4. Experiments for Evaluating the Classification Performance

4.1. Data Collection

We conducted a data collection experiment to evaluate the estimation accuracy of our method. A smartwatch was worn on the left wrist, and the user performed motions on a trampoline. One set consisted of the subjects moving in the order of ST, WL, MR, TJ, LJ, RJ for 10 s. Five sets were performed by each subject. The subjects took a 1 min rest between each set. The subjects were eight healthy males in their 20 s (

Table 2. Subjects information.

ID	Age	Gender	Dominant	Height [cm]	Weight [kg]
A	23	Male	Right	163.0	52.0
B	22	Male	Right	169.5	55.0
C	23	Male	Right	161.0	54.0
D	24	Male	Right	173.0	55.0
E	22	Male	Right	165.0	75.0
F	23	Male	Right	170.5	60.0
G	22	Male	Right	170.0	76.5
H	23	Male	Right	170.0	55.0

). The height and weight information were self-reported and not actual measurements.

Figure 3 shows the home trampoline used in the experiments. In this experiment, we used a trampoline with a diameter of 102 cm (the diameter of the membrane surface is 67.5 cm). Figure 4 shows the six types of motions performed on the home trampoline show in Figure 3.

The smartwatch used for the data collection was an Apple Watch SE. We measured the data using a developed application that collects acceleration data. This application used the Core Motion framework [37], where the acceleration data unit is G. Therefore, $-1.0$ is observed in the Z axis when the screen was placed on a desk with the top up. In other words, $1\left[\mathrm{G}\right]=9.8\left[{\mathrm{m}/\mathrm{s}}^2\right]$. The sampling frequency was set to 100 Hz. In the data collection experiment, we also collected the data from the Apple Watch gyroscope and the accelerometer, gyroscope, and magnetic sensor of the iPhone stored in the right front pocket of the pants. However, these data were not used in this study.

4.2. Baseline

As a baseline for the conventional method, we compared our method with the method using hand-crafted features (HCF) (

Table 3. List of features.

Domain	Feature Name
Time	Mean
	Mean of absolute values
	Standard deviation
	Standard deviation of absolute values
	Minimum
	Maximum
	Root mean square
	1st quartile
	Median
	3rd quartile
	Interquartile range
	Correlation coefficient between axes
	Correlation coefficient of absolute values between axes
	Initial value in the frame
	Final value in the frame
	Intensity
	Skewness
	Kurtosis
	Zero-crossing rate
Frequency	Maximum
	Frequency of maximum
	2nd maximum
	Frequency of 2nd maximum
	Standard deviation
	1st quartile
	Median
	3rd quartile
	Interquartile range
	Correlation coefficient between axes

) and Random Forest (RF) [38]. The features in Table 3 are extracted from the three-axis acceleration data and used as input to the RF. We adopted the features used in the study to estimate the smartphone position from its acceleration sensor [39] and the study to estimate the type of sidewalk surface [40]. For the frequency domain, we subjected the frame to a fast Fourier transform and calculated the same values in the all-, low-, mid-, and high-frequency regions.
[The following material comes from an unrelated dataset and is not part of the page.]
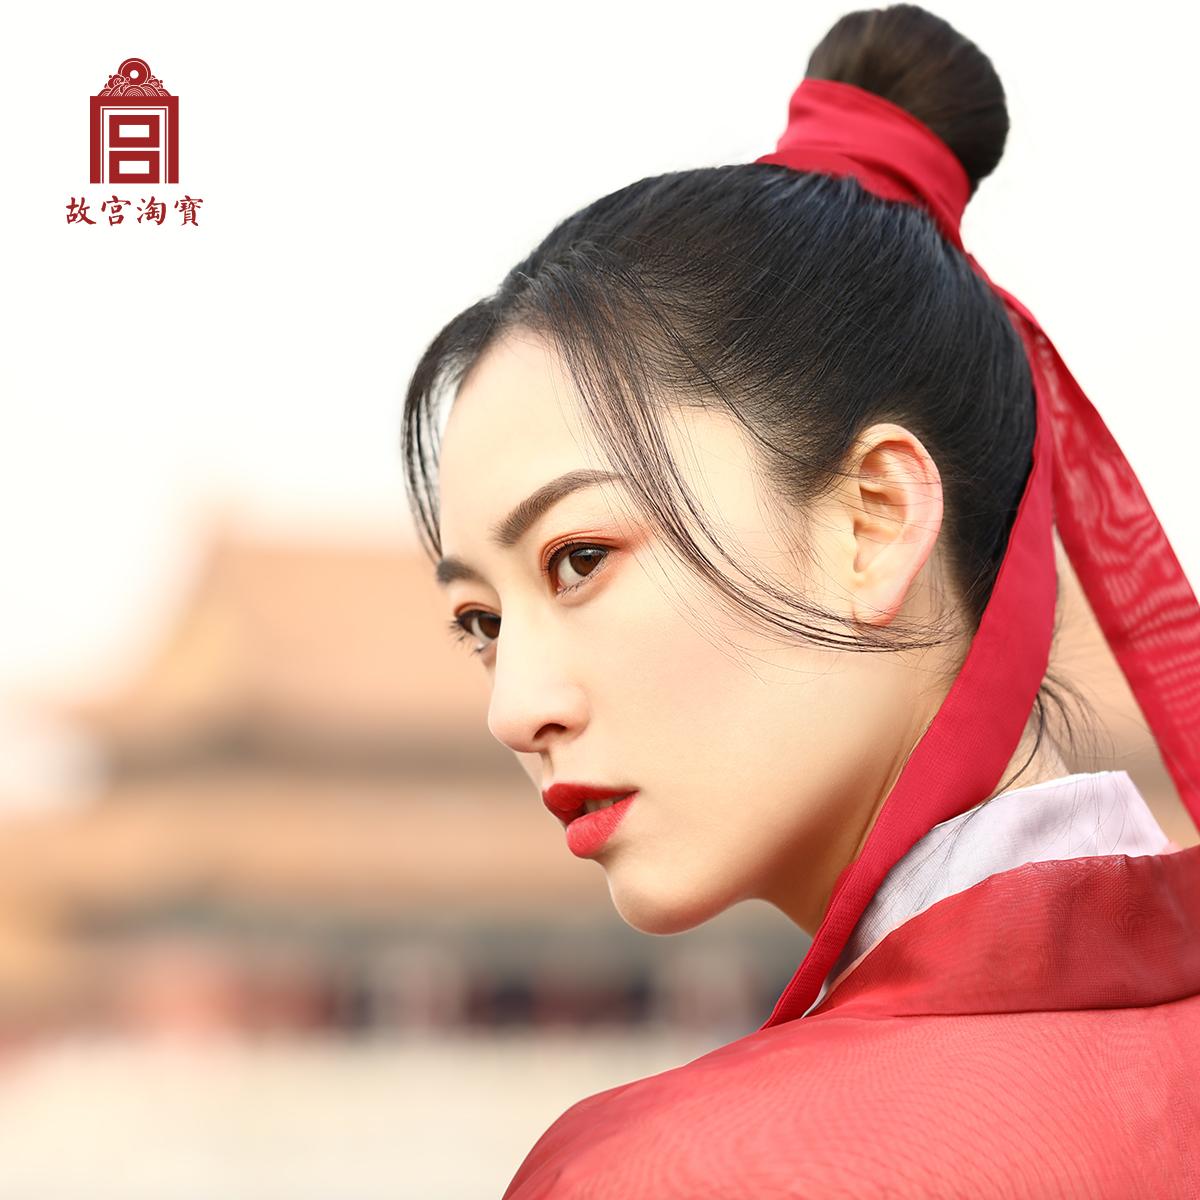 【故宫彩妆】暗夜流光-螺钿滋润型口红(郎窑红、美人霁、胭脂)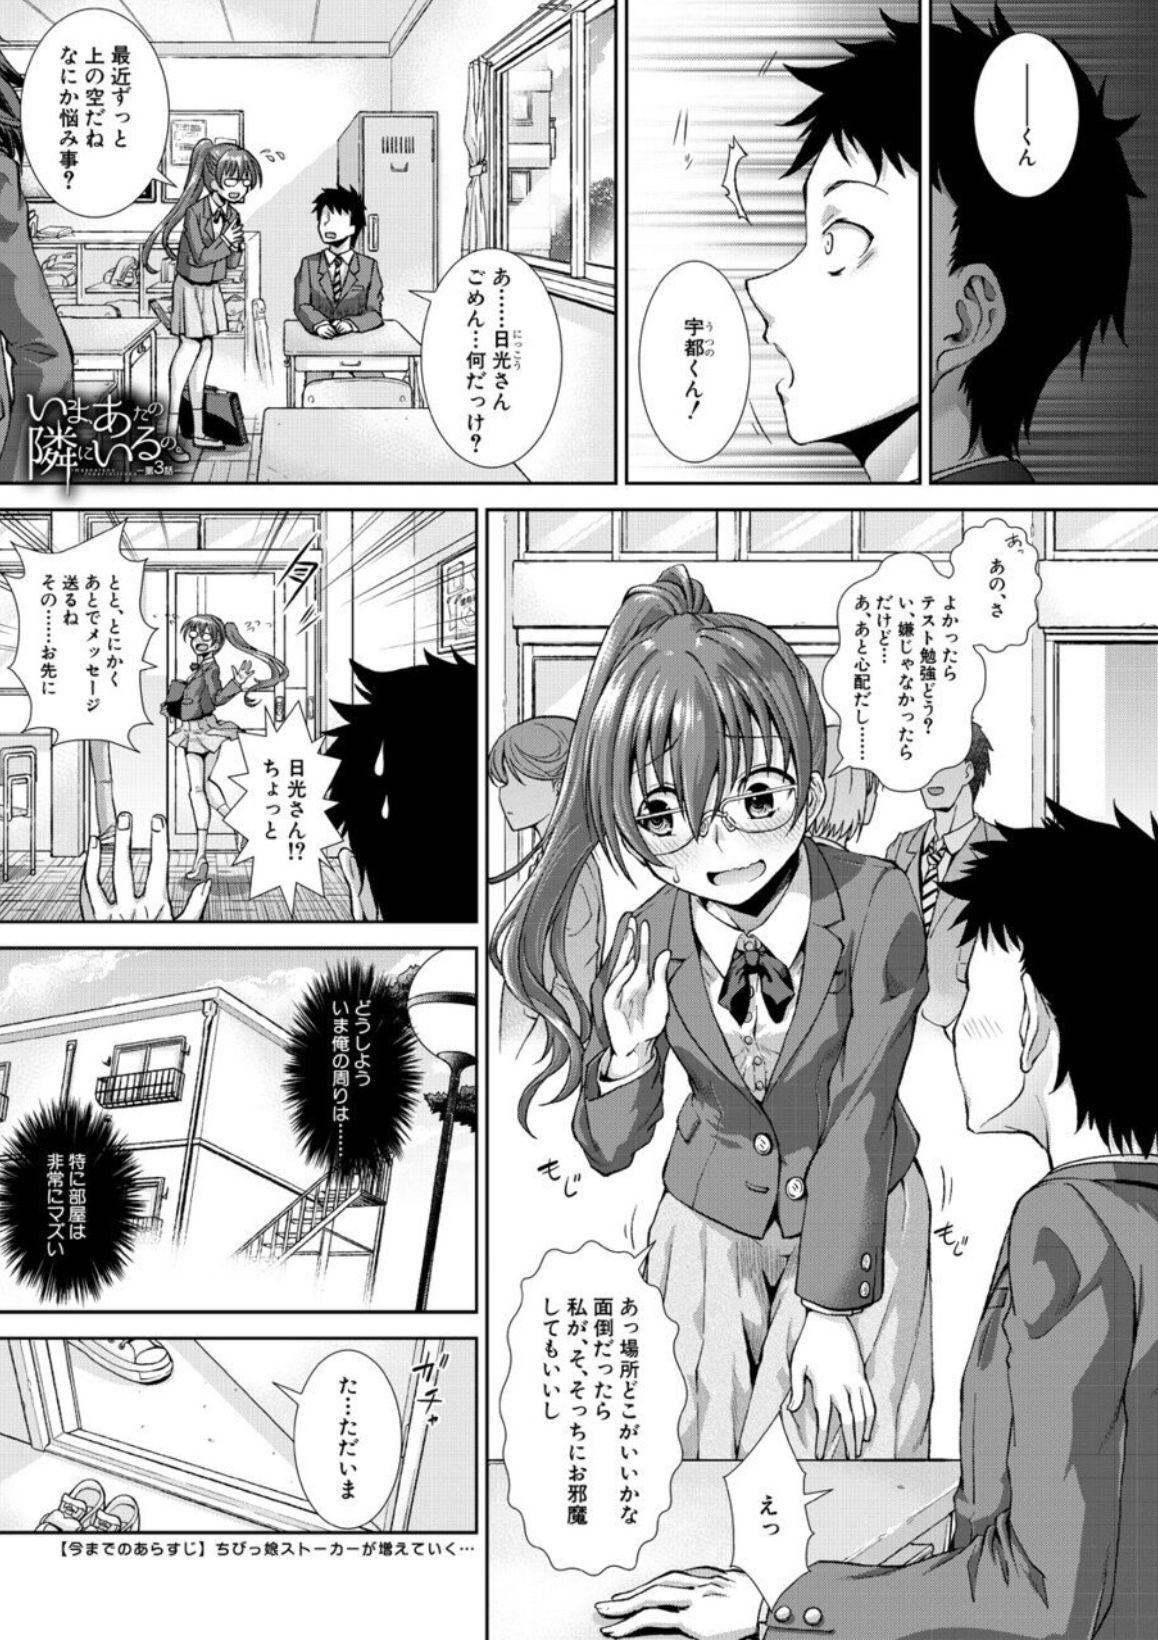 Ima, Anata no Tonari ni Iru no. | Right Now, By Your Side. Ch. 3 0

The low-frequency region was 0–4.2 Hz, the mid-frequency region was 4.2–8.4 Hz, and the high-frequency region was 8.4–12.6 Hz.

We also performed a comparison with the baseline CNN models: the simple CNN model proposed in the related work [14] (Simple CNN) and the original VGG16 using fully-connected layers [15] (VGG16).

4.3. Evaluation Method

We adopted accuracy as an evaluation index because the number of data for each class was not significantly biased. We used the leave-one-subject-out cross-validation (LOSO-CV) as the evaluation method. LOSO-CV used one subject as the test data and the remaining subjects as the training data, and replaces the test subject to test all the subjects.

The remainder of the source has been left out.